[Start of section]

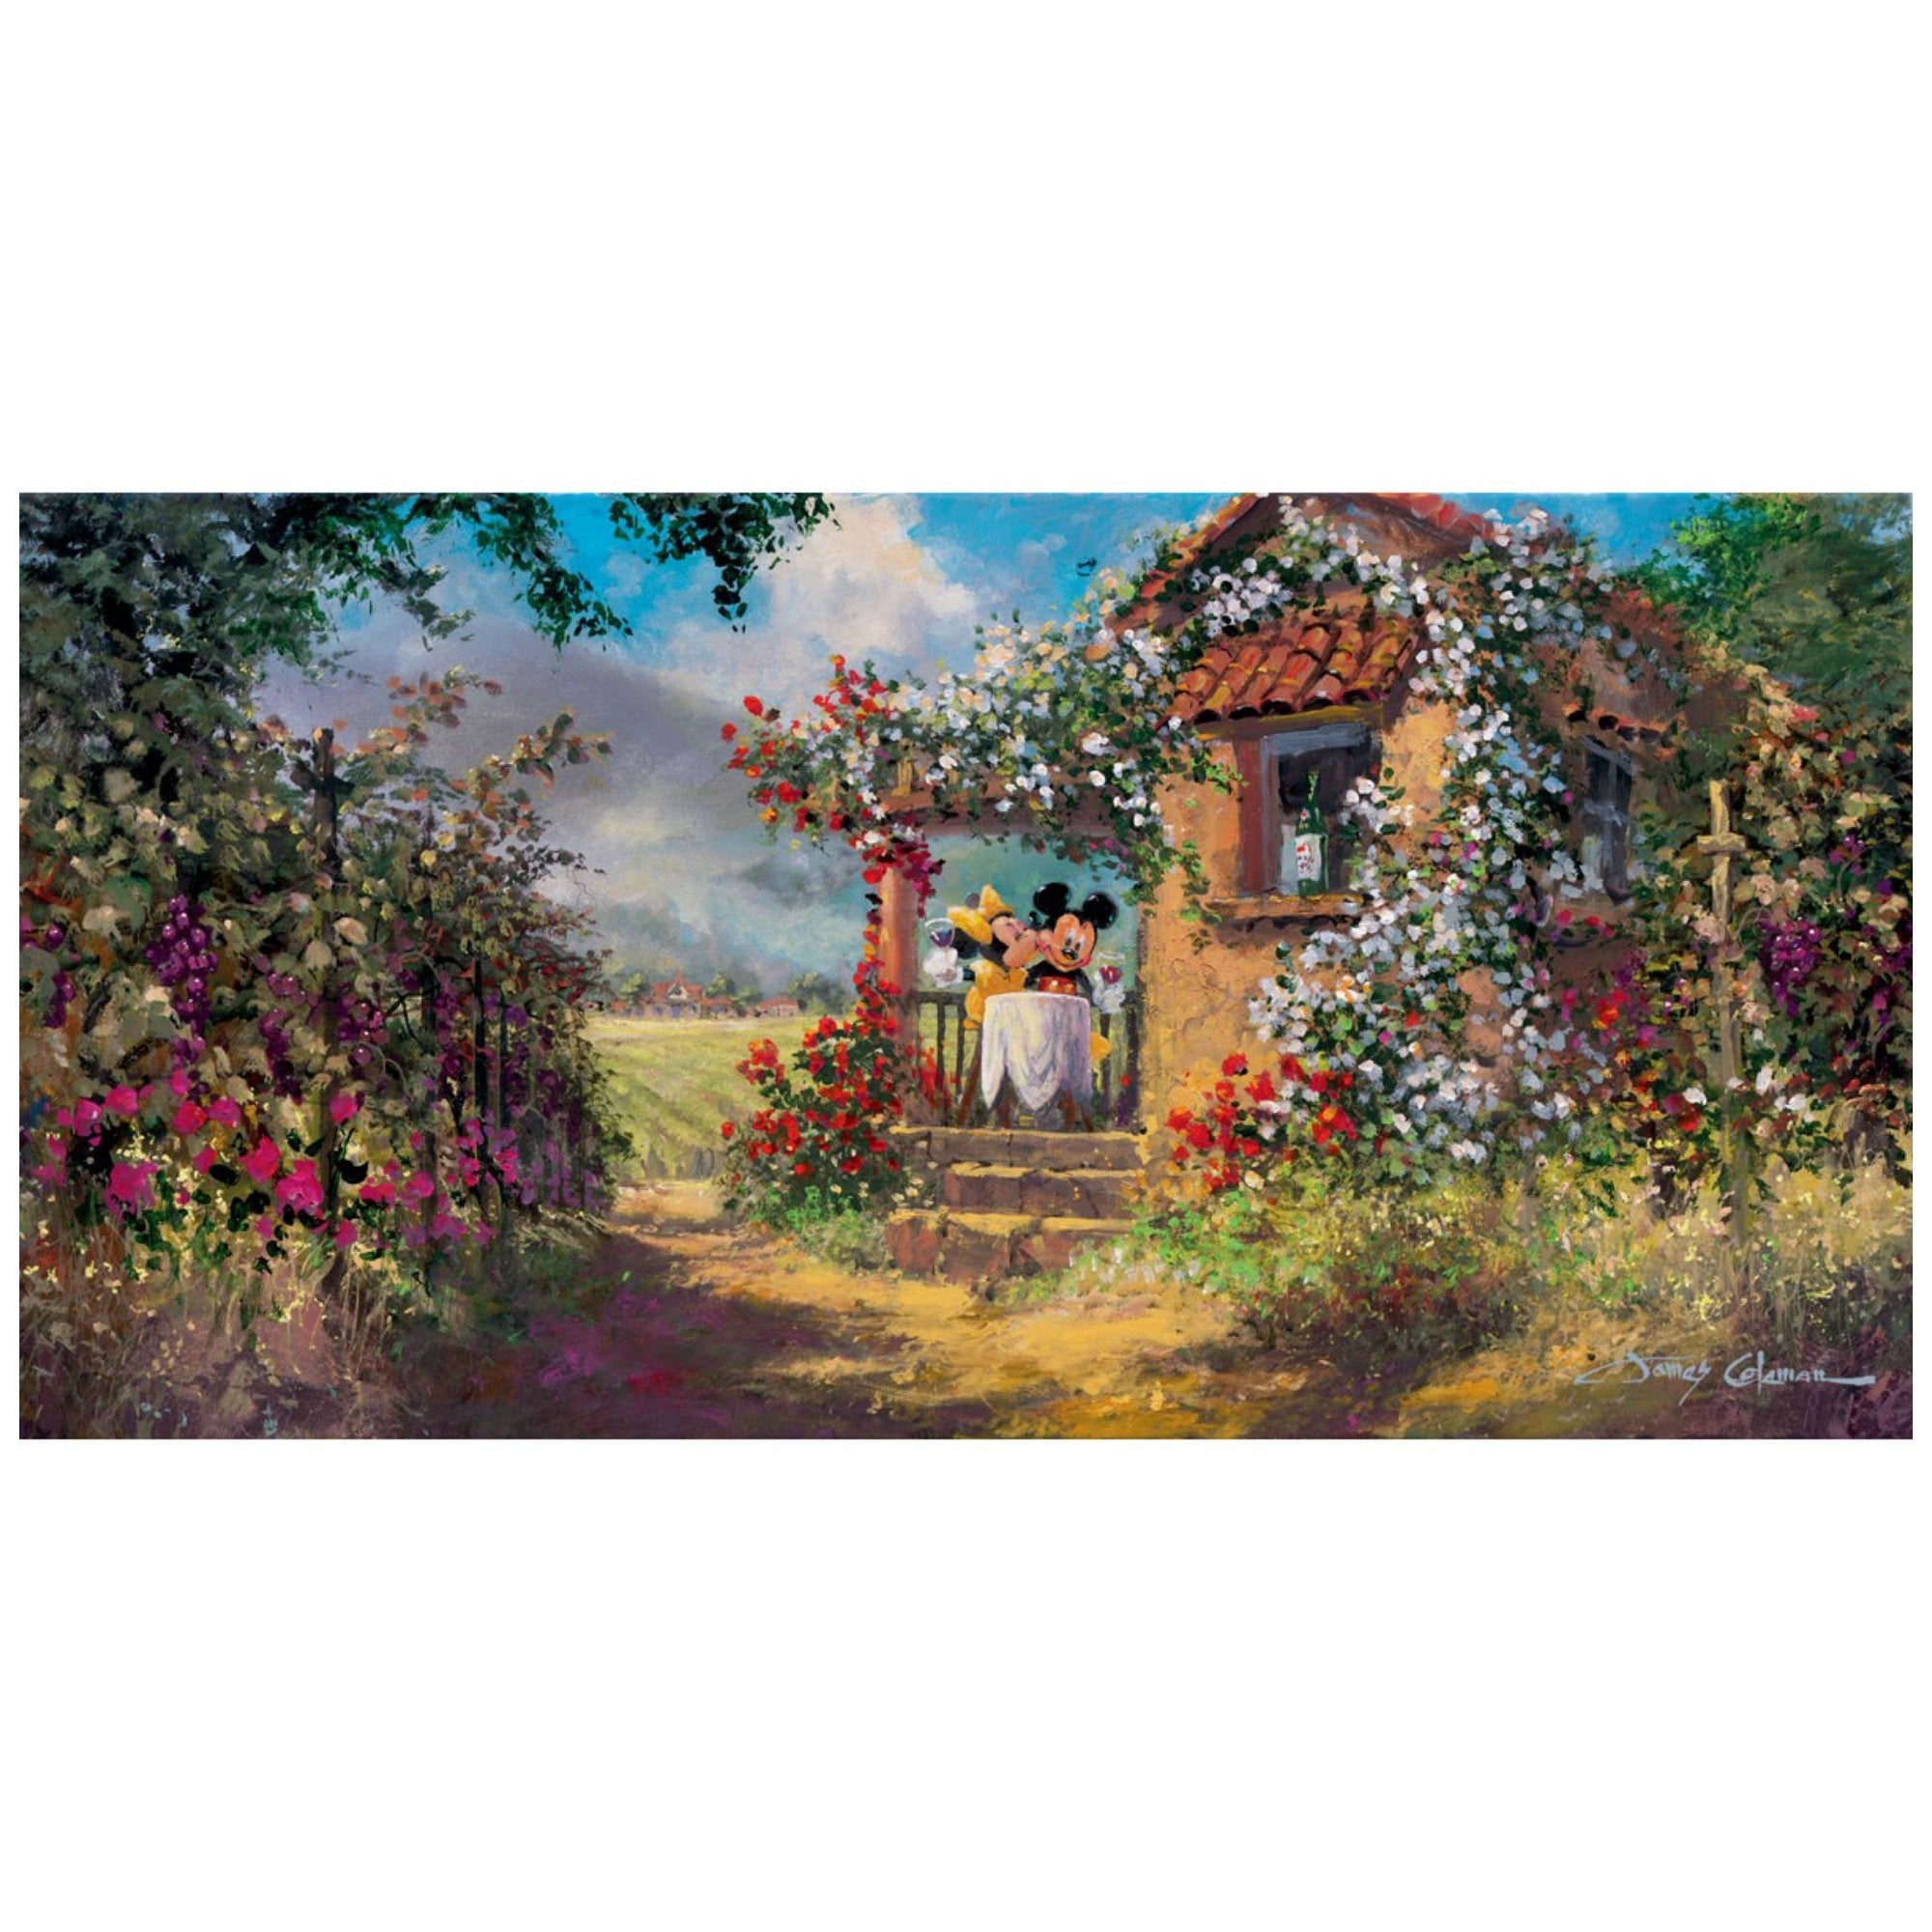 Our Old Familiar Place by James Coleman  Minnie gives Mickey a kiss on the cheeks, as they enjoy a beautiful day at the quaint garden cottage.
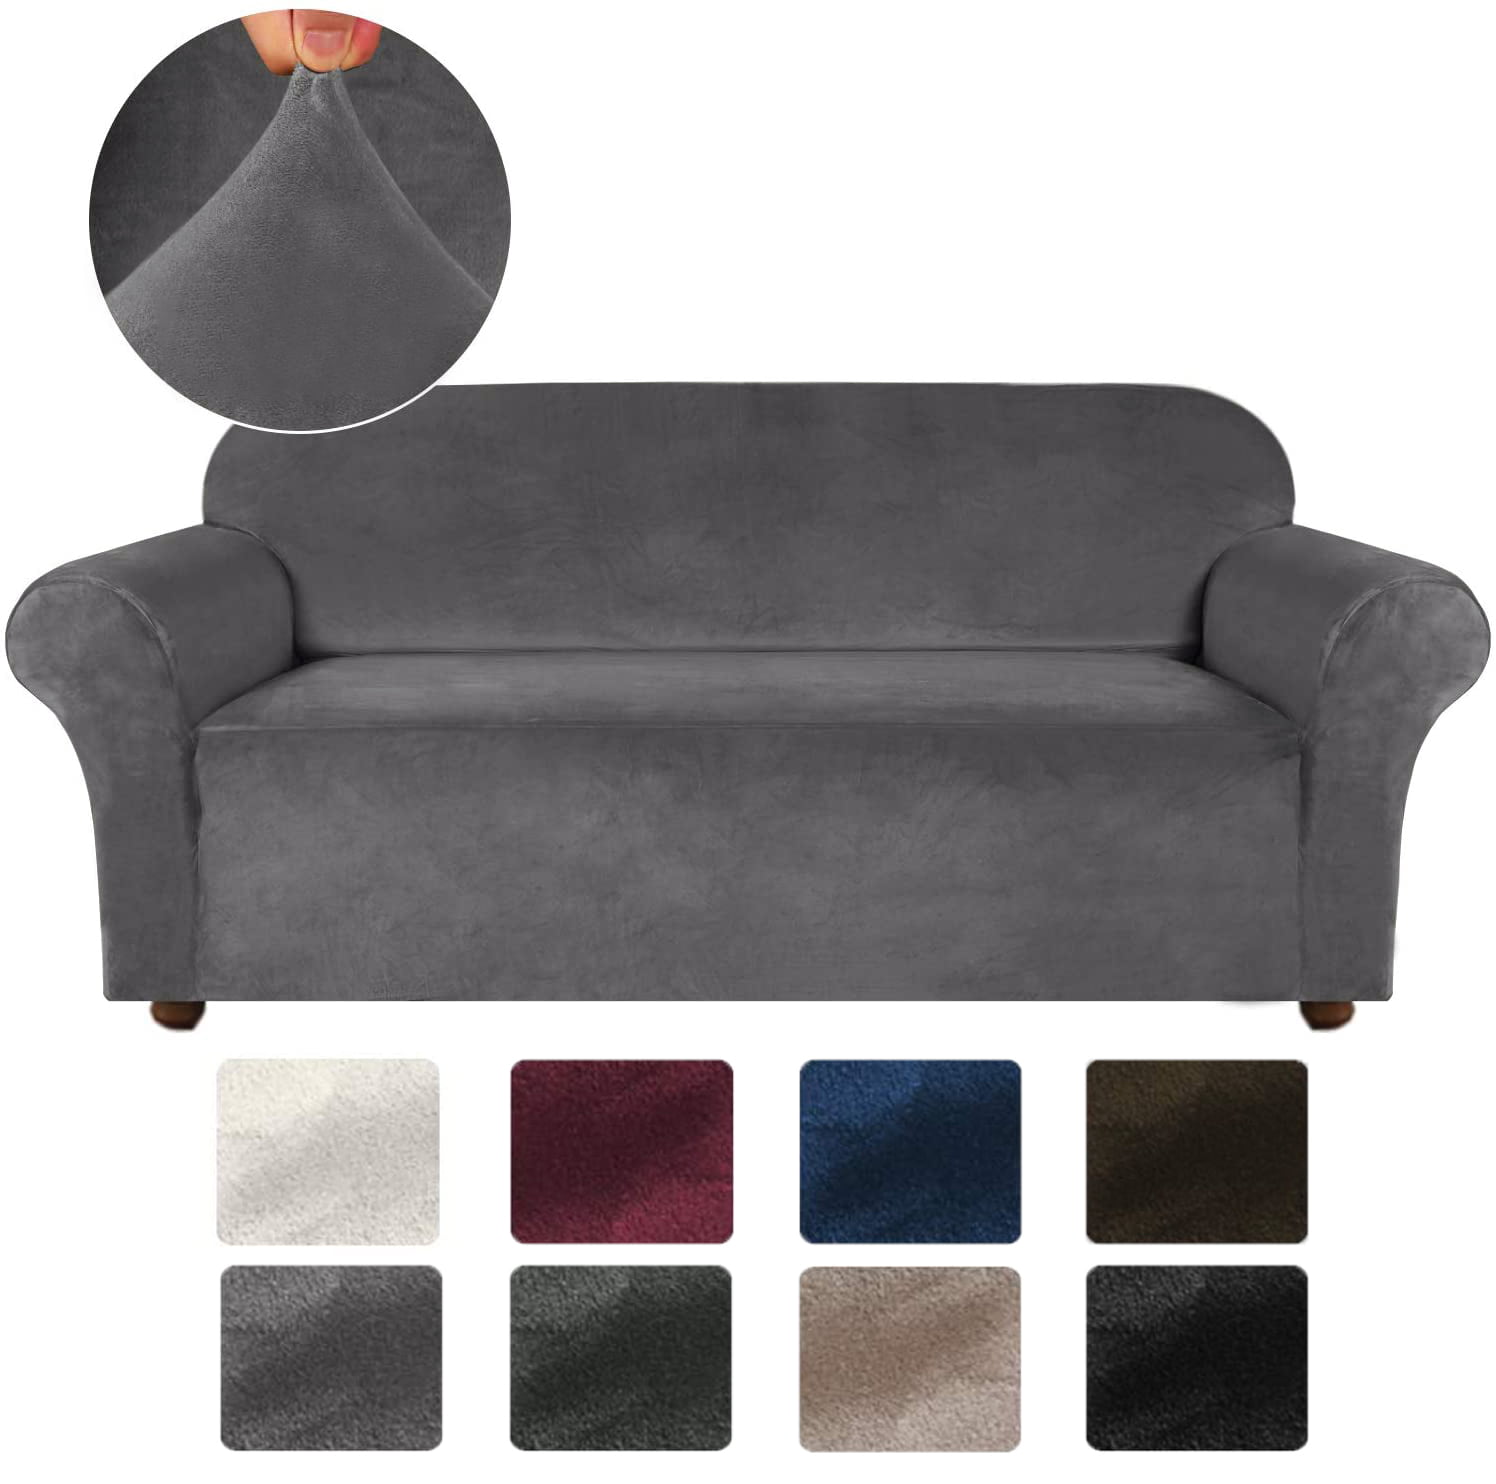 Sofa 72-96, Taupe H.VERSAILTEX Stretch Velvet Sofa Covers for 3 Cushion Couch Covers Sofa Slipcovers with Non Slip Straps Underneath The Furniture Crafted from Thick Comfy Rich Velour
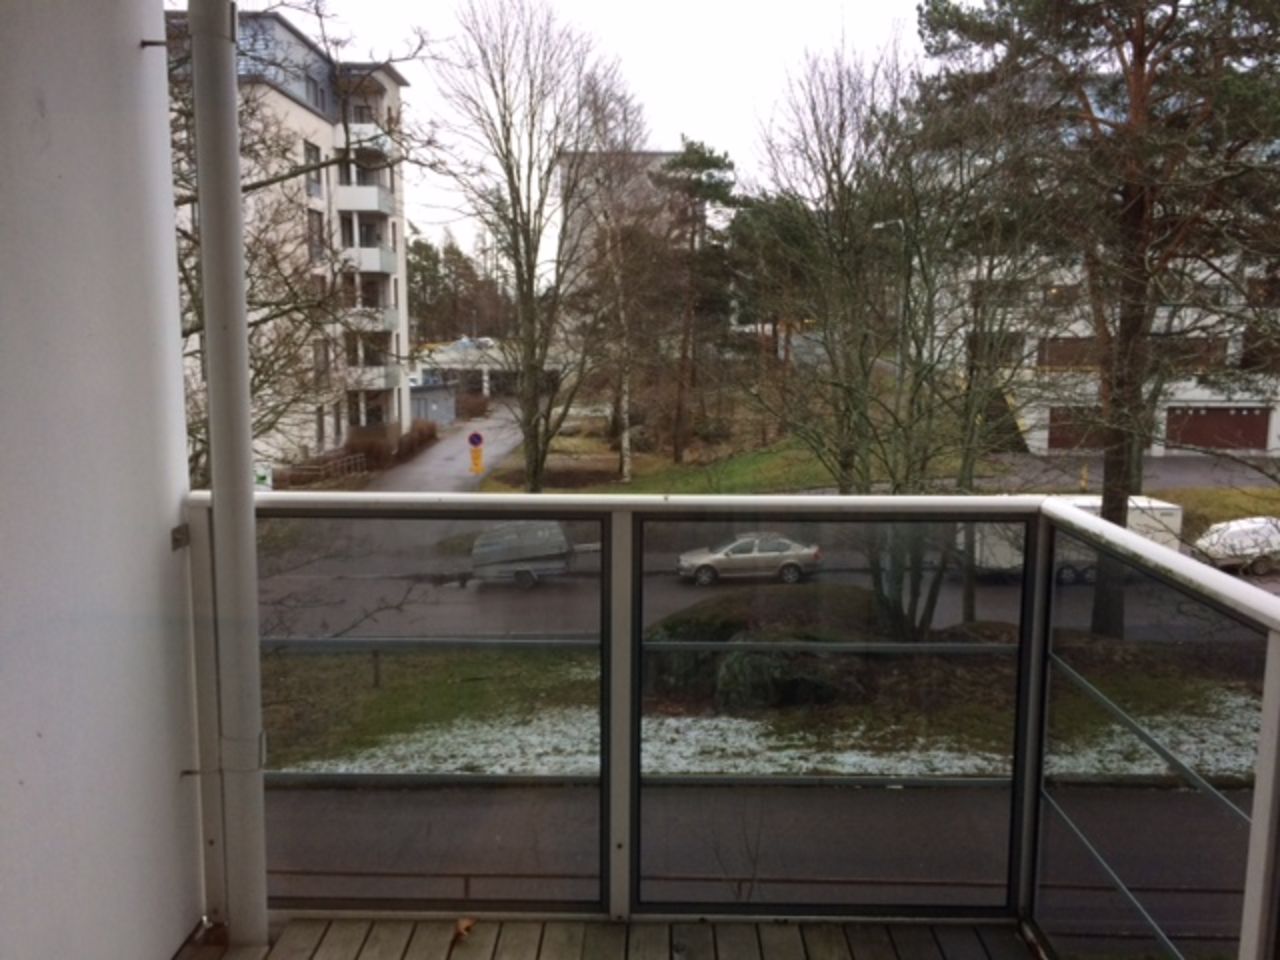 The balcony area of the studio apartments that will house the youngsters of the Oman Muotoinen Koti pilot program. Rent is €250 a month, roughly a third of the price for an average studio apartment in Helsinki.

[End of section]

Your answer must contain the full data, repeated exactly, without pictures.

* Exercise solution:
 Our Old Familiar Place by James Coleman  Minnie gives Mickey a kiss on the cheeks, as they enjoy a beautiful day at the quaint garden cottage.
 Sofa 72-96, Taupe H.VERSAILTEX Stretch Velvet Sofa Covers for 3 Cushion Couch Covers Sofa Slipcovers with Non Slip Straps Underneath The Furniture Crafted from Thick Comfy Rich Velour
 The balcony area of the studio apartments that will house the youngsters of the Oman Muotoinen Koti pilot program. Rent is €250 a month, roughly a third of the price for an average studio apartment in Helsinki.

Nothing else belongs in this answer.